Então, quando Sung tinha quase 20 anos, sua amiga foi diagnosticada com TDAH e sugeriu que ela também fizesse o exame.
“Parte de mim estava um pouco resistente a isso. As coisas que me disseram estavam associadas ao TDAH, eu associei a falhas de caráter”, disse Sung. “Levei alguns anos com essa possibilidade para agir e buscar o diagnóstico.”

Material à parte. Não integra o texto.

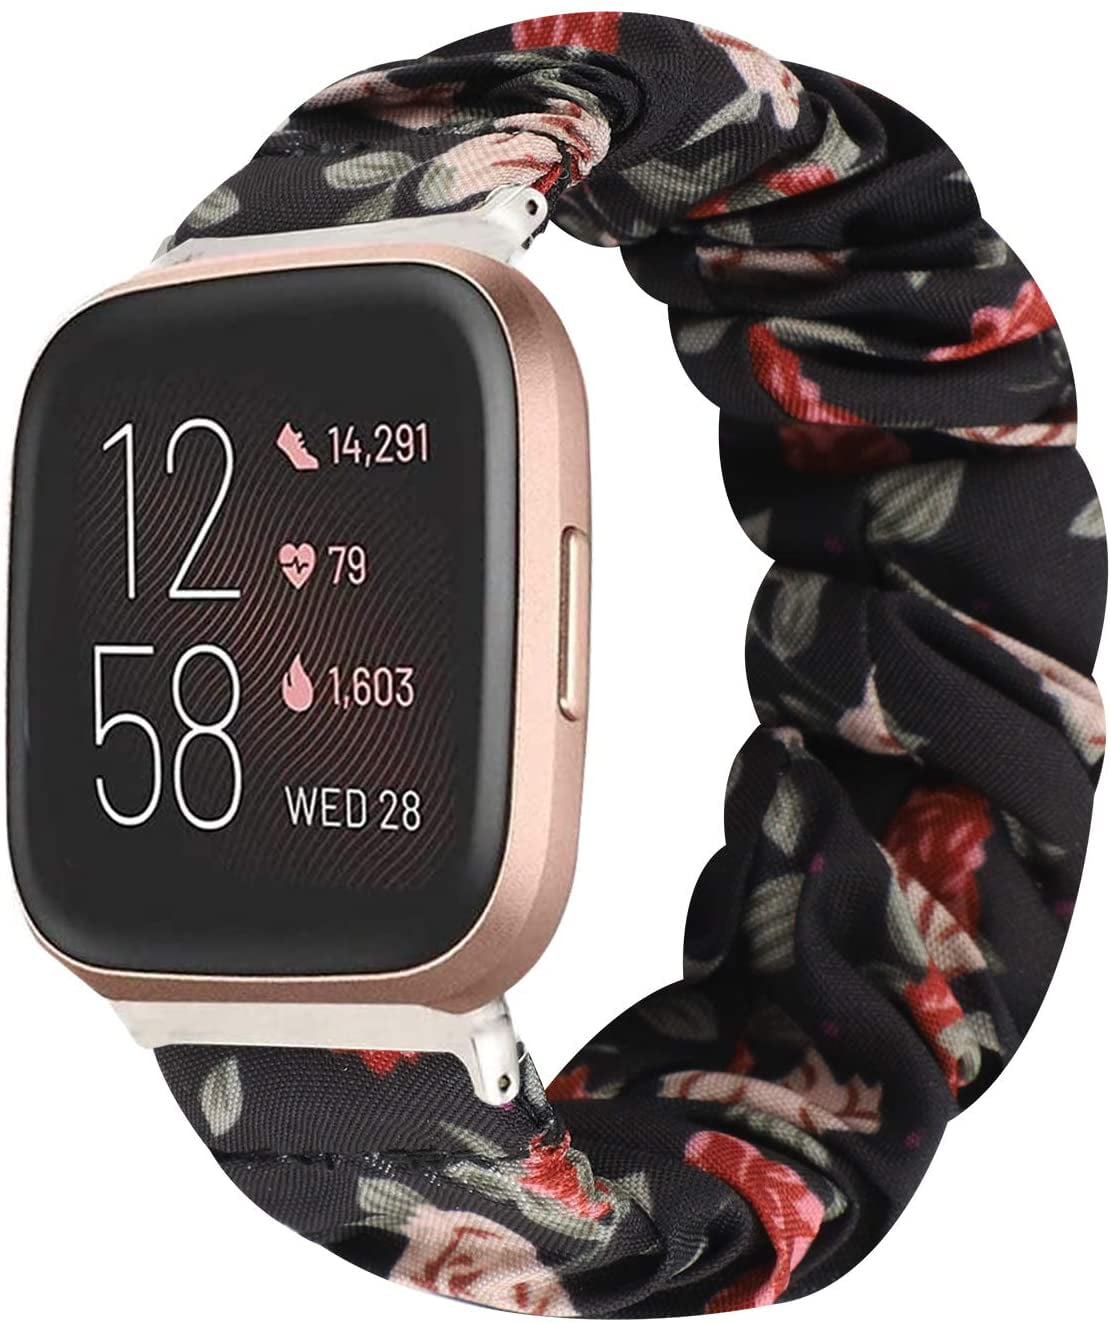 Compatible for Fitbit Versa 2 Bands, YOUkei Fabric Elastic Scrunchie ...

Agora com 31 anos, Sung, uma artista radicada em Nova York, passou o ano passado se adaptando ao seu novo diagnóstico e navegando nas opções de gerenciamento.
“Esta é a primeira vez que me considero através da estrutura da neurodivergência, e isso tem sido realmente libertador”, disse ela. “Posso deixar de me considerar uma pessoa neurotípica extremamente disfuncional, que é péssima em ser neurotípica, e pensar: ‘Ah, certo. Há uma maneira de entender como eu sou e há maneiras de me ajudar a lidar melhor com isso'”.
O TDAH é um transtorno do desenvolvimento caracterizado por sintomas duradouros de desatenção, hiperatividade e impulsividade, começando na infância. Pessoas com TDAH podem se referir a si mesmas como neurodivergentes porque pensam ou funcionam de maneira diferente da maioria das pessoas.
Durante décadas, os cientistas pensaram que o TDAH afetava apenas as crianças, a maioria das quais iria superá-lo. Os médicos sabem agora que a condição muitas vezes continua na idade adulta. Alguns casos podem passar despercebidos durante anos em adultos que nunca foram avaliados ou tratados adequadamente quando eram crianças.
Cerca de 6% dos adultos norte-americanos têm TDAH, tornando-o o segundo transtorno psiquiátrico mais comum em adultos, depois dos transtornos depressivos maiores. Mais da metade dos adultos com TDAH receberam o diagnóstico após os 18 anos, de acordo com um novo relatório dos Centros de Controle e Prevenção de Doenças (CDC).
Embora a percepção do TDAH em adultos tenha mudado drasticamente nos últimos anos, a prática clínica nos EUA não se atualizou.
Cerca de 40 países têm diretrizes de diagnóstico de TDAH para adultos, mas os EUA não. A maioria dos prestadores de cuidados de saúde não recebe formação formal sobre diagnóstico e tratamento de TDAH em adultos e não existem directrizes clínicas para os ajudar.
“Imagine ir ao seu médico de família e dizer: ‘Sou muito bom a ajudar com problemas cardíacos e hipertensão, mas diabetes? Não aprendi isso na faculdade de medicina, por isso não posso ajudá-lo.’
Agora, uma coalizão de especialistas em TDAH está prestes a publicar diretrizes para ajudar os médicos a distinguir o TDAH de outras condições psiquiátricas comuns em adultos e garantir aos pacientes o tratamento correto.
Problemas comuns para adultos com TDAH
Perder ou mudar de emprego com frequência
Lutando para gerenciar as responsabilidades diárias, como realizar tarefas e pagar contas.
Esquecer coisas importantes ou prazos
Ter problemas de relacionamento por não concluir tarefas
Sentir-se cronicamente frustrado, culpado ou estressado por não conseguir cumprir metas
Por que tantos casos de TDAH em adultos não são diagnosticados
Diagnosticar TDAH em adultos pode ser um desafio.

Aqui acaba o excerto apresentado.